Shared governance a great system
By Michael Grossman
Shared governance is what makes a good university great. Governance of a great university, such as Illinois, is most effective when the governing board, administrators, faculty, students and staff cooperate. Shared goals and interests, as well as collegial relations, make Illinois the best place to teach, to do research, to be creative and to serve the people of the state.
At Illinois, we have had more than 100 years of experience with a known and effective system of shared governance. It has served us well. Shared governance has had a convincing record of accomplishments, especially in the last few years. The faculty has a fundamental responsibility, I believe, to participate in shared governance of the university.
Faculty members have many opportunities to share in governance at the level of the university, through the University Senates Conference; at the level of the campus, through the campus senates; and, even closer to their disciplines, at the levels of the college and department. Illinois has a tradition, for example, that faculty members play critical roles in the appointment of the president, the chancellor/vice president, the provost, deans, and department heads or chairs. Faculty members also advise administrators about academic appointments, reappointments, non-reappointments and promotions.
The long tradition of faculty participation in shared governance at Illinois is grounded in the University of Illinois Statutes. According to statutes, "As the responsible body in the teaching, research, and scholarly activities of the University, the faculty has inherent interests and rights in academic policy and governance."
All participants in a system of shared governance, including the governing board and the administration, must recognize that "the faculty is the university." The faculty shares in governance of the university in all matters related to educational policy, broadly defined, because the faculty is in the best position to set educational policy. The faculty, therefore, governs each academic unit. Shared governance, to rephrase Abraham Lincoln, is governance of the faculty, by the faculty, and for the faculty.

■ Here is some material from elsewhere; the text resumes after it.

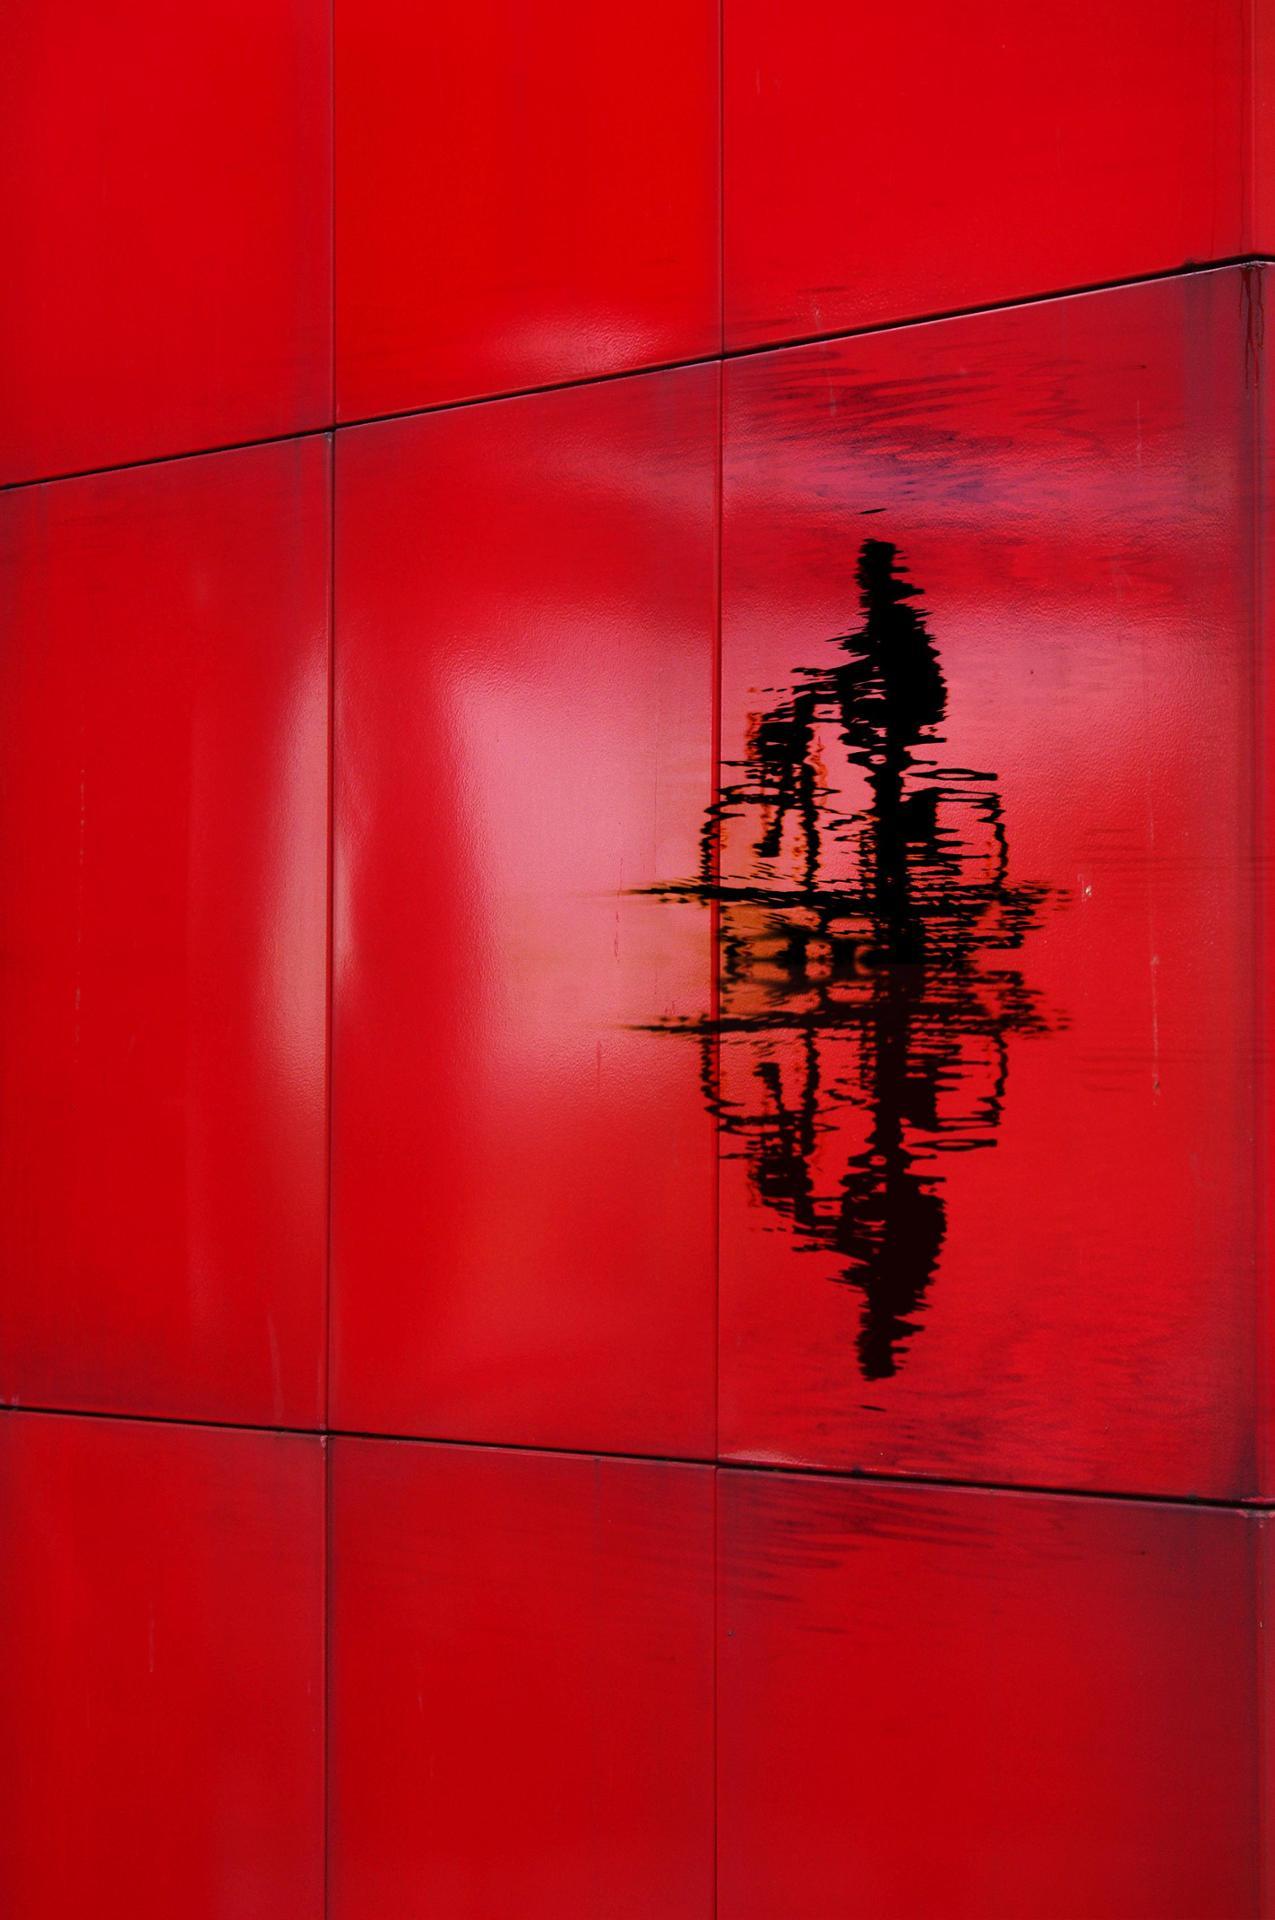 Le mur rouge

The faculty must remember that it has a collegial, not adversarial, relationship with the administration. Faculty and administration have a shared goal, although the administration may not take all advice that the faculty offers. The administration must remember that to accomplish its goals, it must get the "buy-in" of the faculty. The faculty must have a substantial role in decision-making processes so that they have an investment in those decisions.
Some people might want to replace a successful system of shared governance and past decades of known results with, say, a system of adversarial governance and future decades of uncertain results. When comparing the two systems, as a scientist, I would require evidence that adversarial governance performs significantly better than shared governance, before I would adopt it as my new system of governance. I would not adopt adversarial governance, however, if it were merely "as good as," and certainly not if it had the potential to be "worse."
Faculty members who believe that the campus or university administration does not respond to their concerns have the right and obligation to participate in the current system of shared governance before they decide to risk over 100 years of success at Illinois for promises with uncertain results. Shared governance is what makes a good university great.
Michael Grossman, who has been on the Urbana campus of the University of Illinois since 1969, is a professor emeritus in the Department of Animal Sciences.